Even occasionally, when his body is fully his, he can feel someone’s strong arms holding him close. The embrace doesn’t feel warm or friendly, nor does it feel aggressive. It feels like goodbye. Someone is leaving him and there's nothing he can do about it. Their tears puddle on his shoulder and soak into his heart, leaving a permanent spot for them. He feels as their touch gets weaker and weaker and the pressure shifts underneath him as they step away completely from the embrace. The spot they created aches when he realizes they’re never coming back.
Sometimes all he got was a word. A single word that he would have to play with in his mind, to try and tie any significance to while he tried to remember what had happened to him. Sometimes he got it right away. Words like dice or brother were easily explained and brought back warm memories. Sometimes the words were mean, like asylum or parents. Those words gave him blurry, silvery memories that meant nothing good. Recently, his words had been meaning more and more nothing. He had collected a few words that he thought particularly didn’t make any sense.
Fracture. Camera. Trick. Scrap. Gold. Cage. Locked. Chapel. Wire.
Useless. They were all useless to him. Clearly his subconscious wanted him to know something, but instead of telling him outright, it had to play games with him. Well, from what he was beginning to understand of himself, he liked to play games. This one was frustrating, though. He felt as though these words would tell him how he died, or at least what happened before it. Maybe that was what he’d needed to move on into whatever afterlife he truly belonged in. First, he needed to have closure. Something linked all of those words together, but he didn’t know what it was. He’d tried to select from them, coming up for possible meanings. As he went on, his theories became more and more ridiculous until they didn’t make sense at all.

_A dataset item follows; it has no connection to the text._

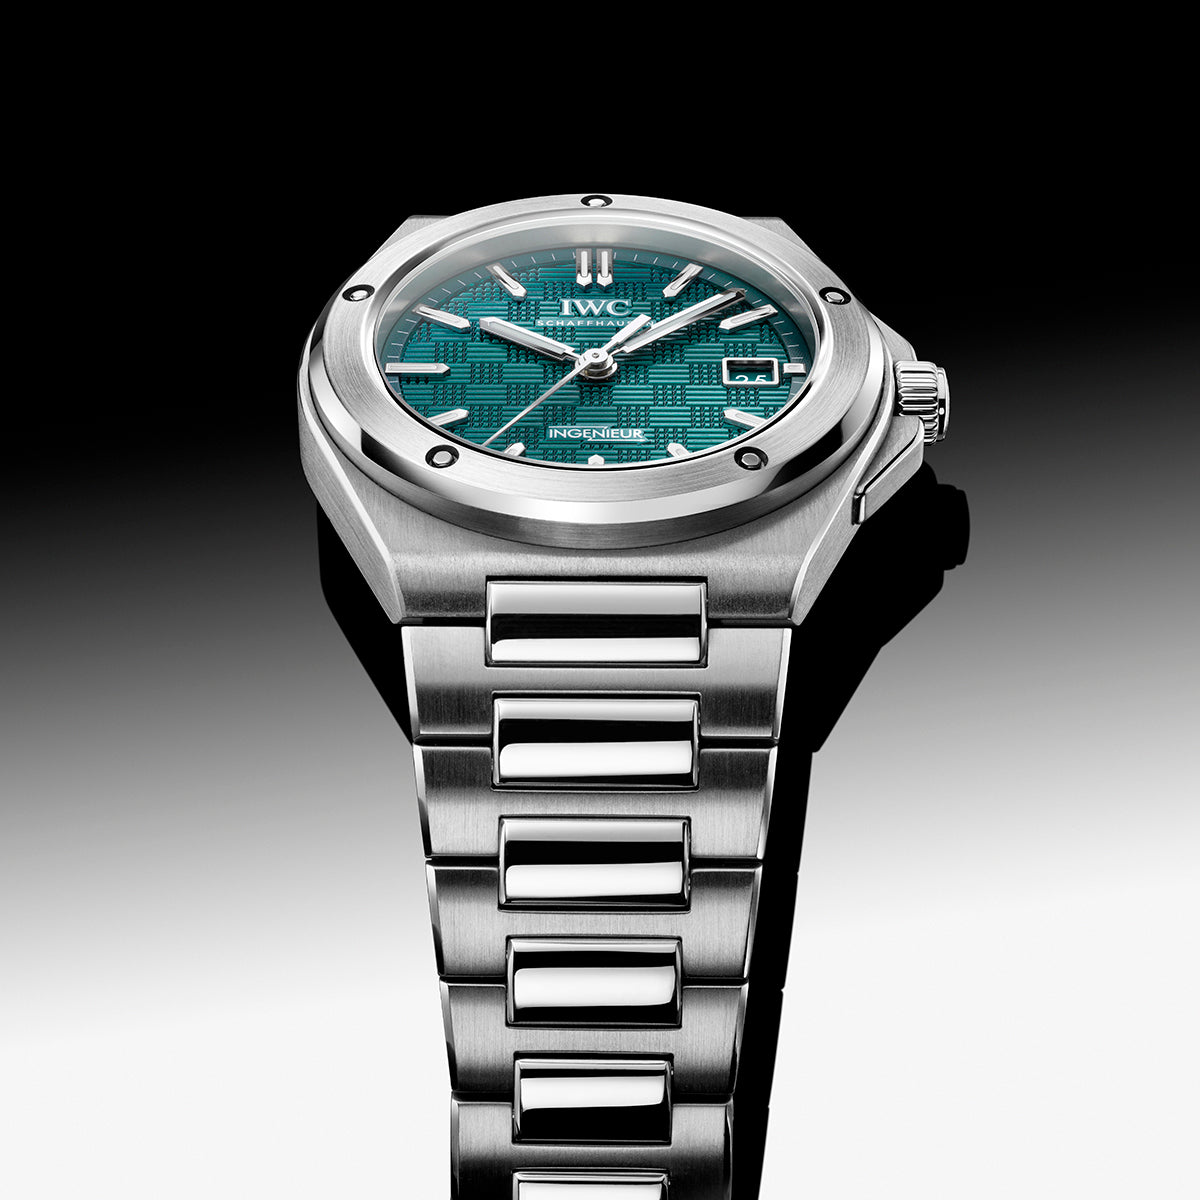 IWC Ingenieur Automatic Green Dial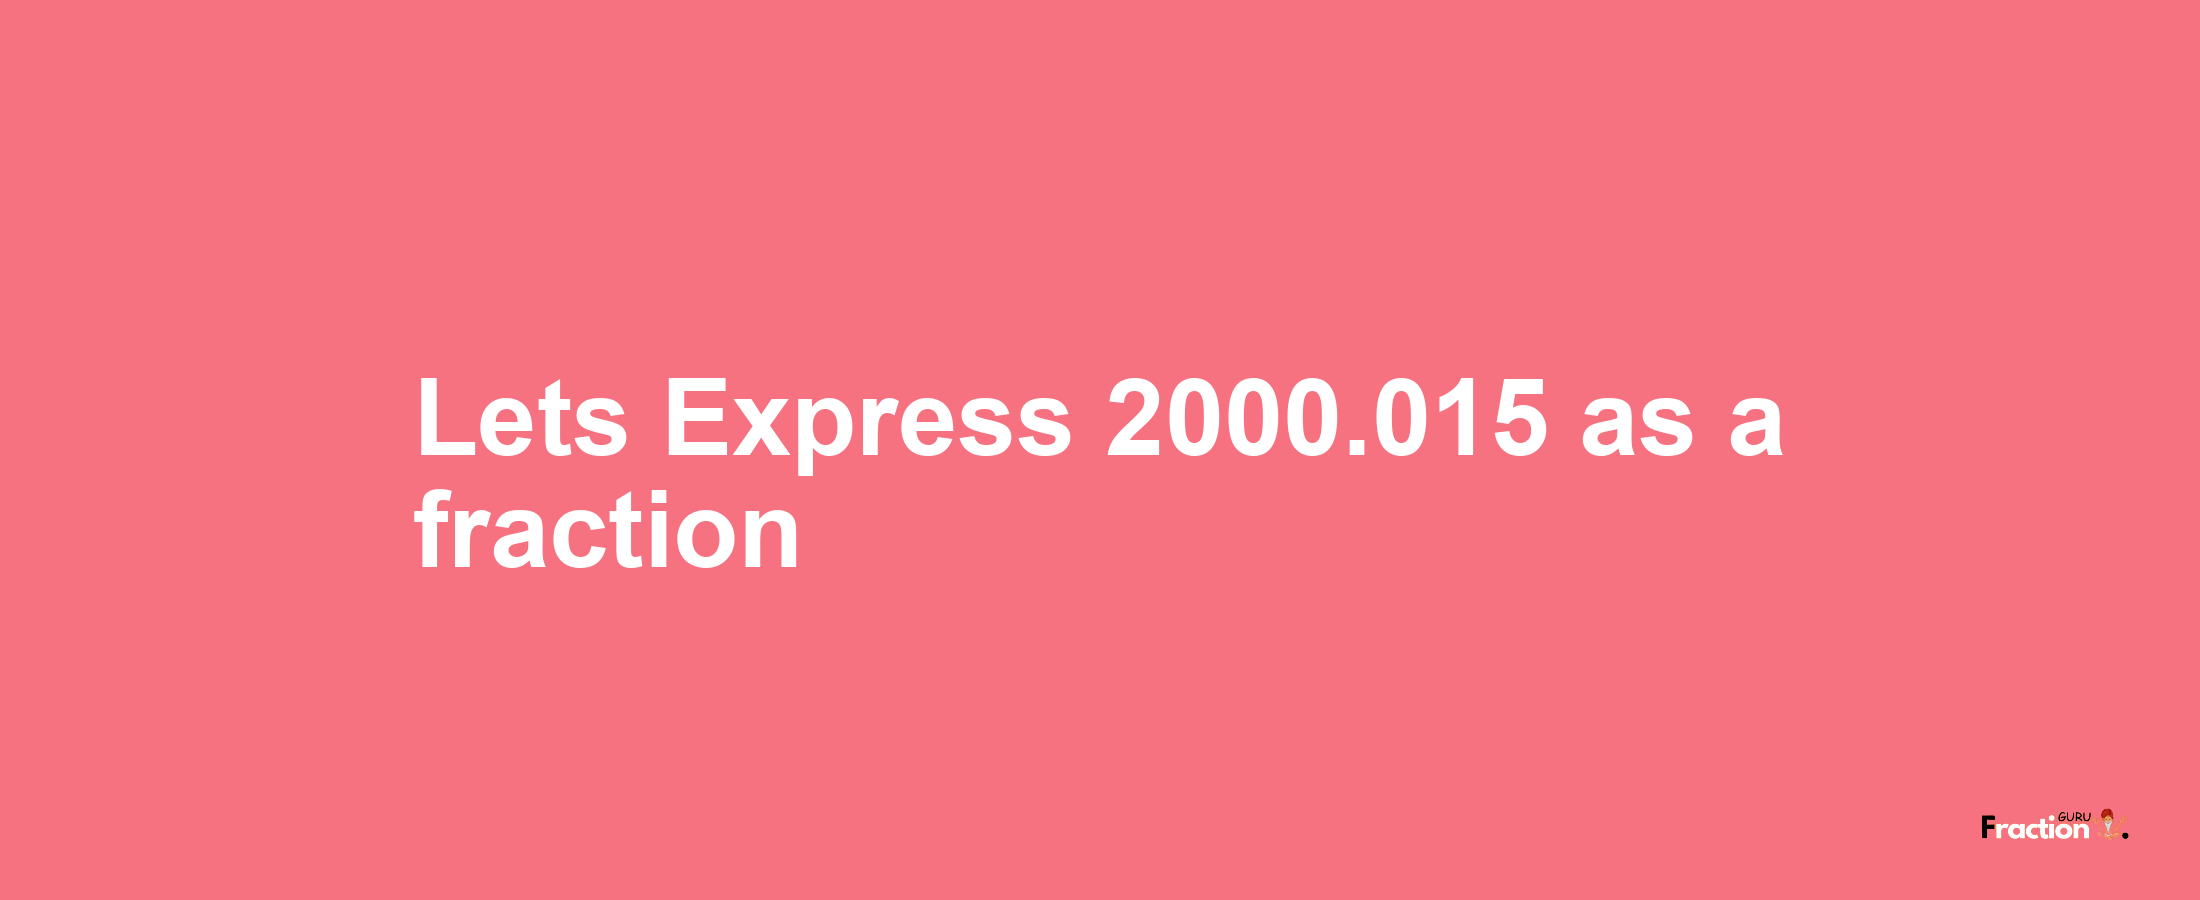 Lets Express 2000.015 as afraction

He fractured his neck and it killed him.
His death was recorded for some gore website.
He was tricked into drinking poison.
He had been in a scrap of some sort that killed him.
He had been sentenced to execution by a council of judges.
He had been kidnapped and left in a dog cage to die.
He had been killed by an Olympic gold medalist.
He was crucified inside of a chapel.
He was shocked by a live wire.
Every possible theory he sent out into the universe was rejected, each and every time he tried to explain his own death to himself he felt absolutely nothing, which meant that he had been completely wrong. He tried to think of people he knew.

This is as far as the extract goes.